Research method #3: User testing
User testing is always a valuable tool – and right now, it could be the difference between your site making a sale and encouraging your customer to click their way to a competitor.
To get a glimpse into your customer’s mind when they’re shopping online, play around with user testing. If you’re new to this technique, start by choosing a product you sell on your website. Maybe it’s an item of clothing, maybe it’s food, or maybe it’s an online course. Then, figure out where most people who purchased that product started their journey. Did they come to your site from a social media post? Or were they led there by a Google search (and if so, what search terms did they use)?
Now that you have some basic information, put together a focus group of users. It doesn’t need to be big, but you do want to have at least three people for this exercise.
For the test, try this:
- Find that product on 3-4 sites, including yours. Ask the user to compare the websites, and talk aloud as they scan through each one.
- Use these questions as prompts: What did you notice first about this site? What do you like/dislike about the site? Did you get the information you were looking for?
- Ask the user to choose one site to purchase from, and explain why.
Finally, combine insights and build empathy along the way
The next step is to bring those qualitative and quantitative insights together. Remember, knowledge is power. The more information you have, the better positioned you will be to weather this crisis.
With our clients, we like to group insights by theme:
- What are the common patterns we’re seeing?
- What do your users need most at the moment?
- What are the biggest challenges or issues your users are facing?
- How can your brand help them solve these problems?
- What content can you create to help?
- What products can you offer to help?
Your aim is to figure out what your customers need, and how you can give it to them.
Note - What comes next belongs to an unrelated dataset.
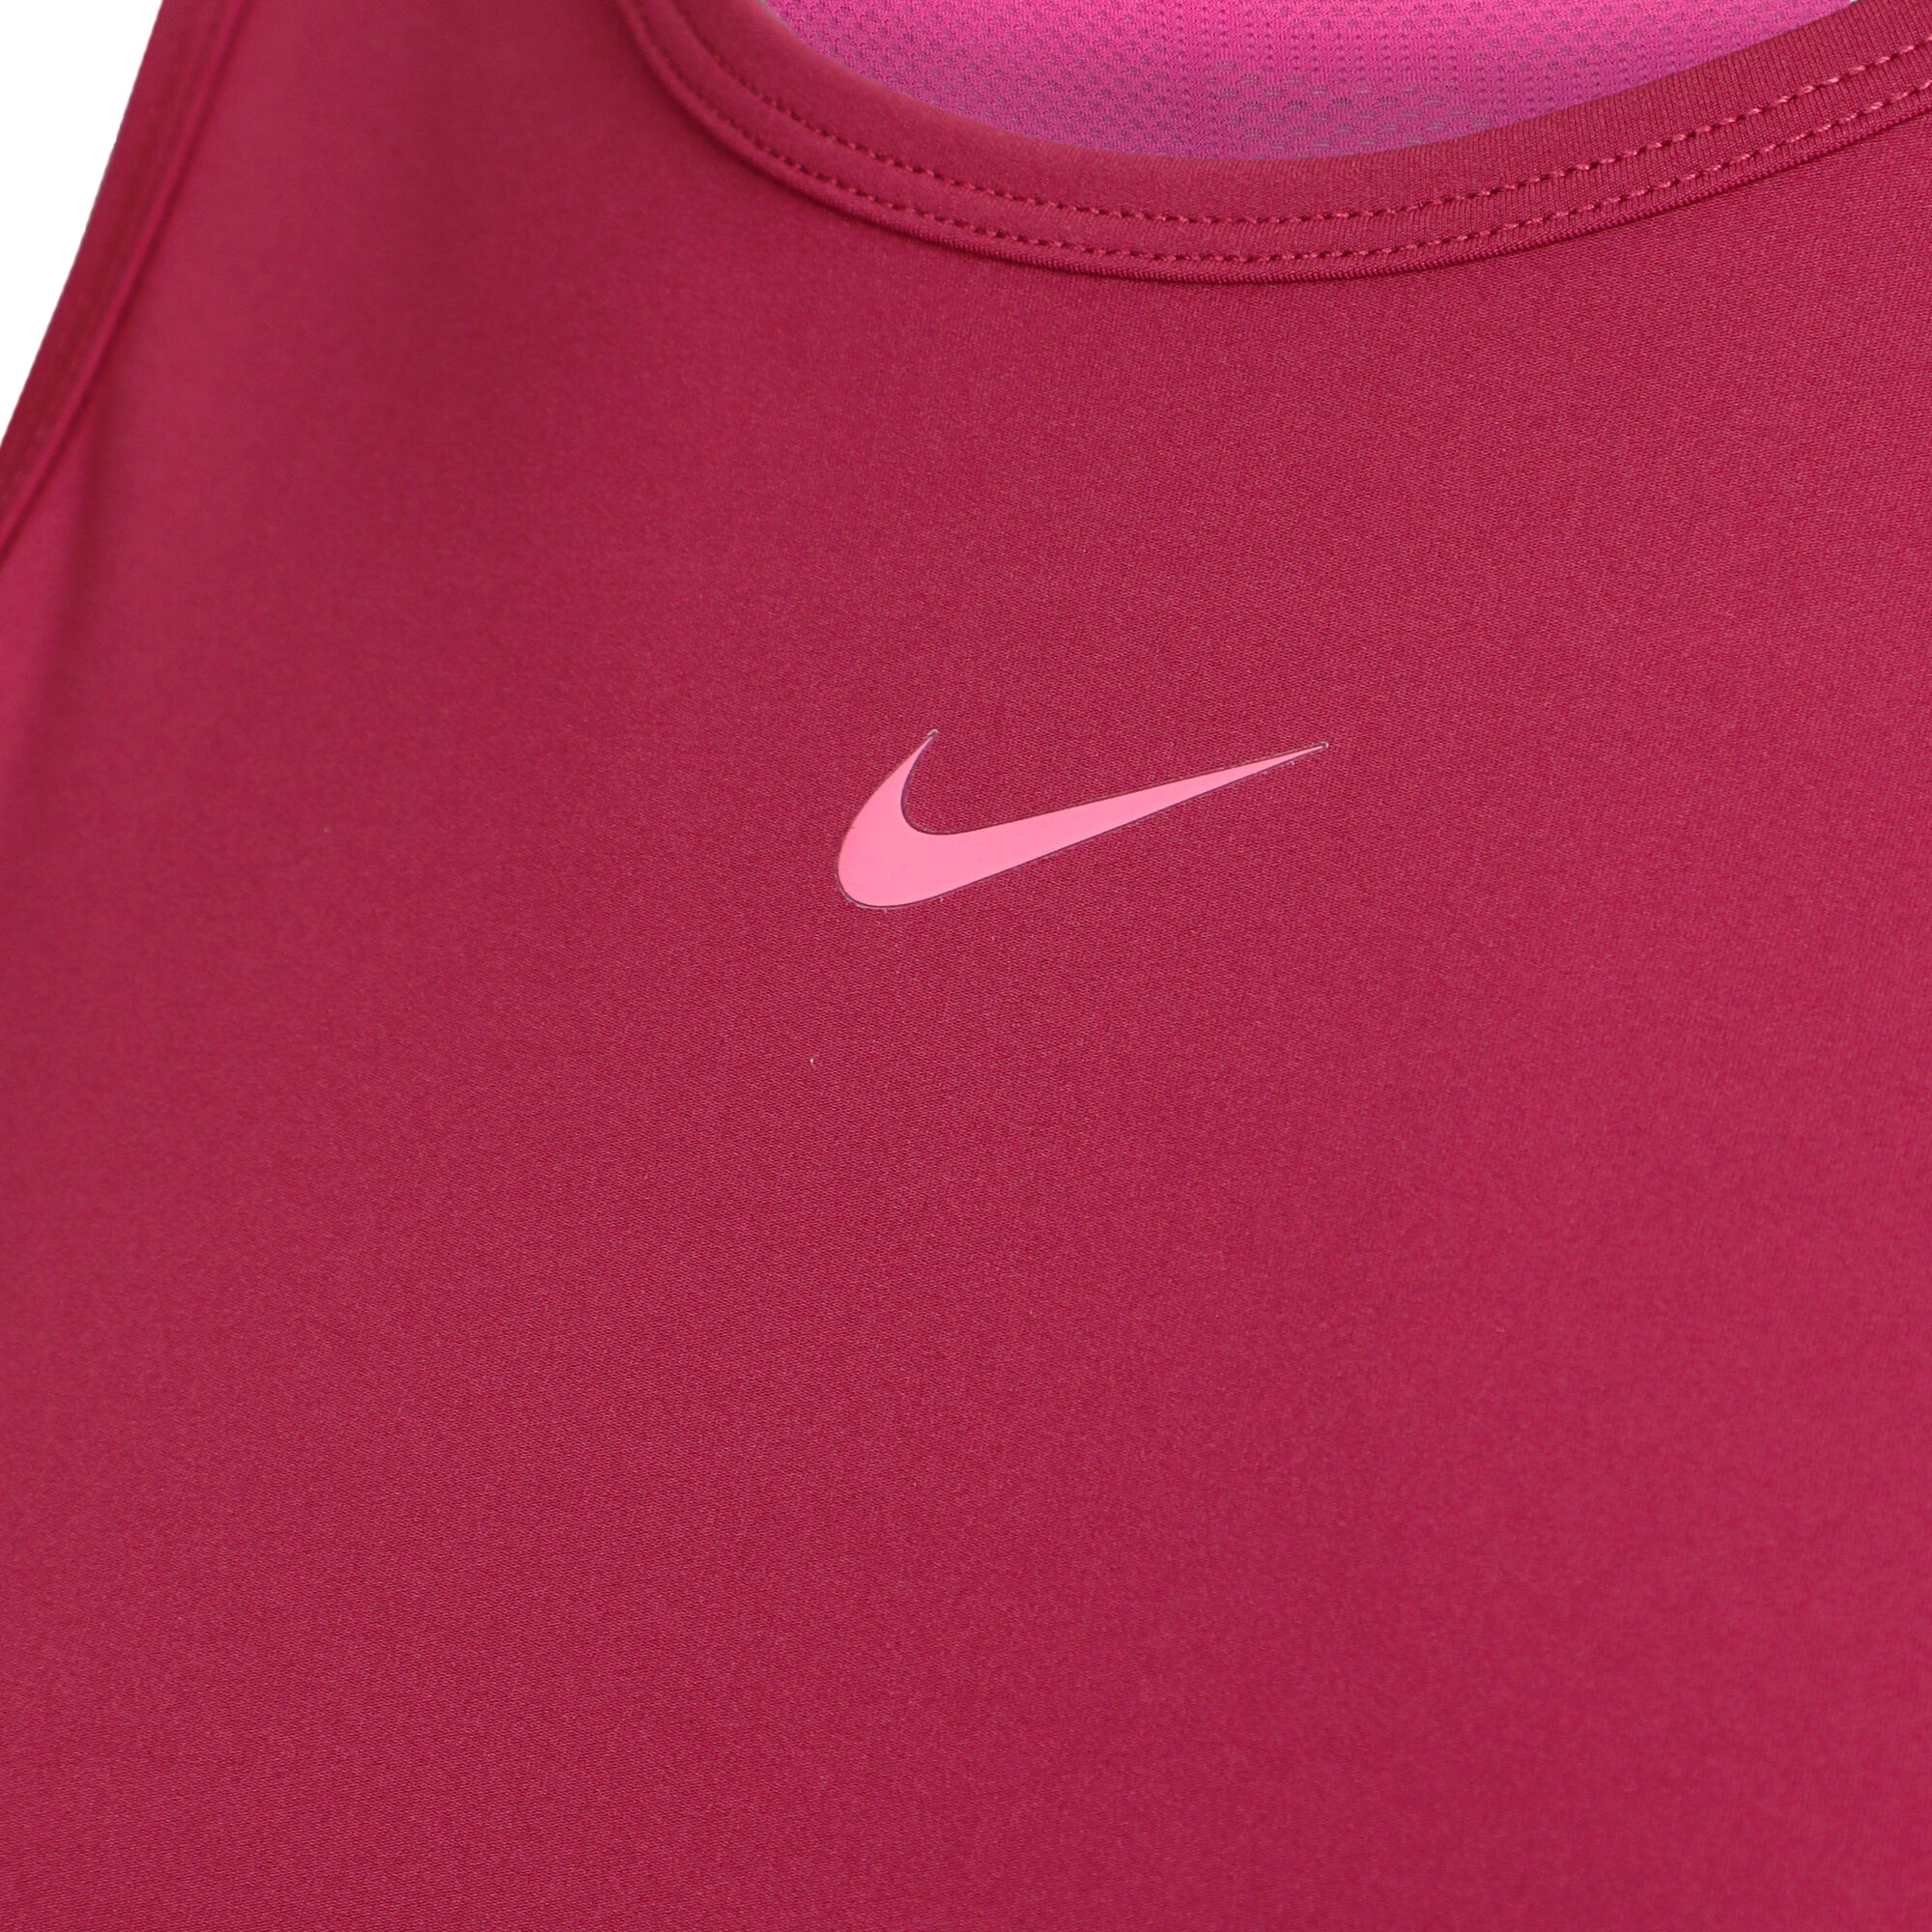 Nike Performance FEMME - Leggings - rosewood/active fuchsia/pink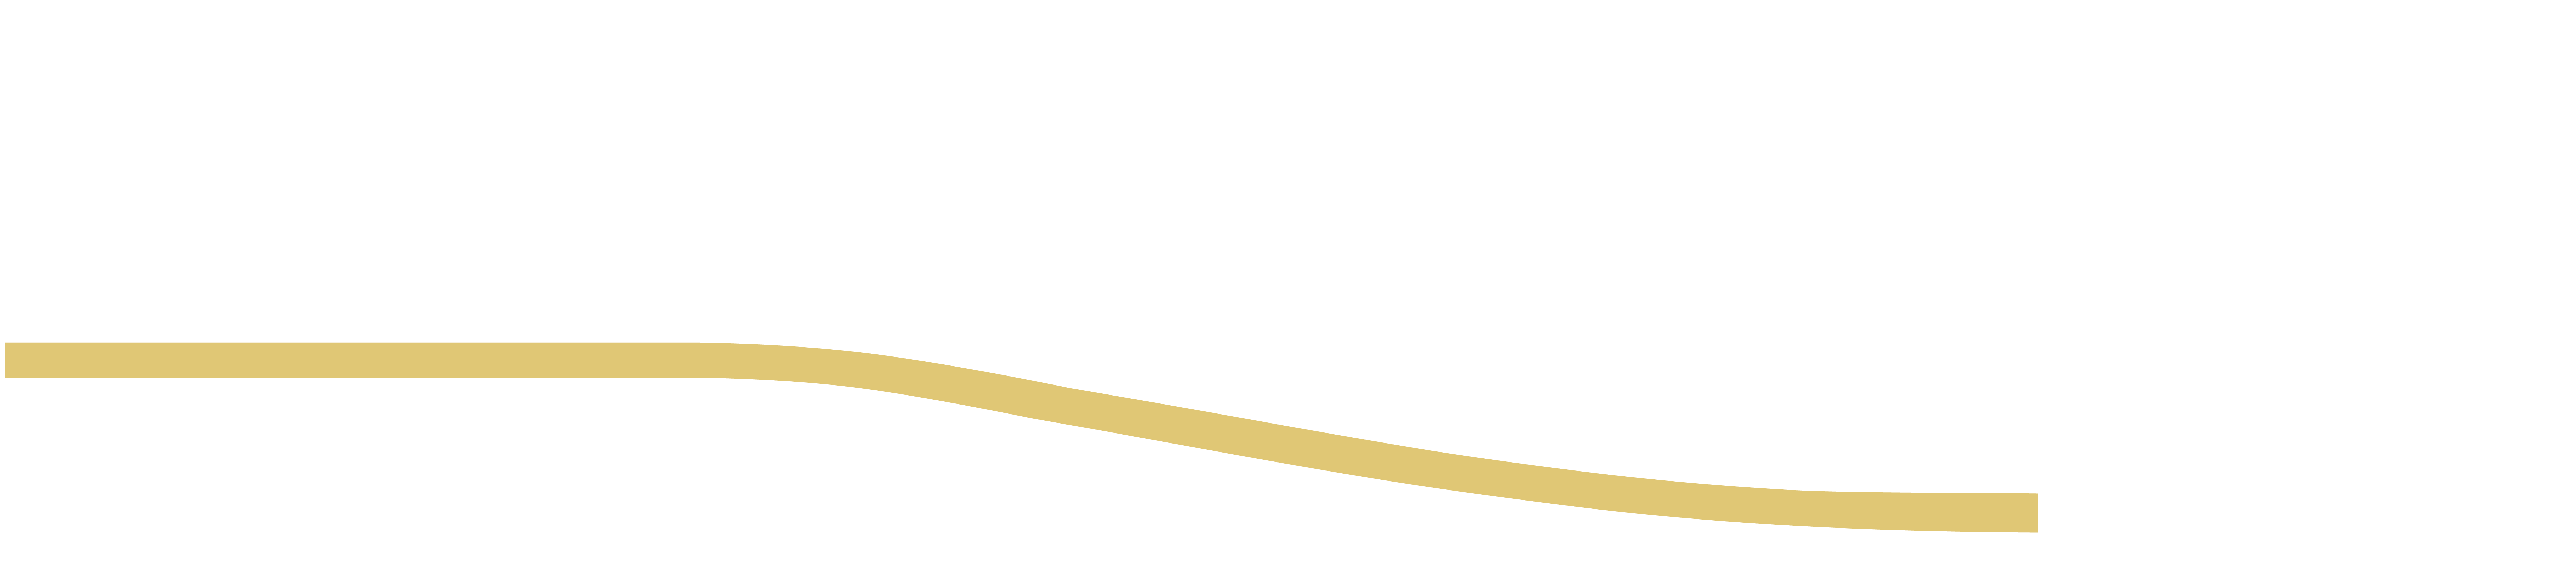 Logo GabrielPro

If you can prove your product or service is genuinely useful, the sales will come.
Focus on helping, not selling
In our industry, we’re used to shifting strategies. We’re used to the ebbs and flows of the market, and while we don’t pretend to have all the answers, we know that customers don’t want to be hard-sold to right now. That’s why it’s so important to empathise with your customers and offer as much added value as you can.
If you can make that the main goal of your marketing, you have a better chance of building genuine connections and fostering long-term relationships with your customers. You’ll be one of the brands that got it right.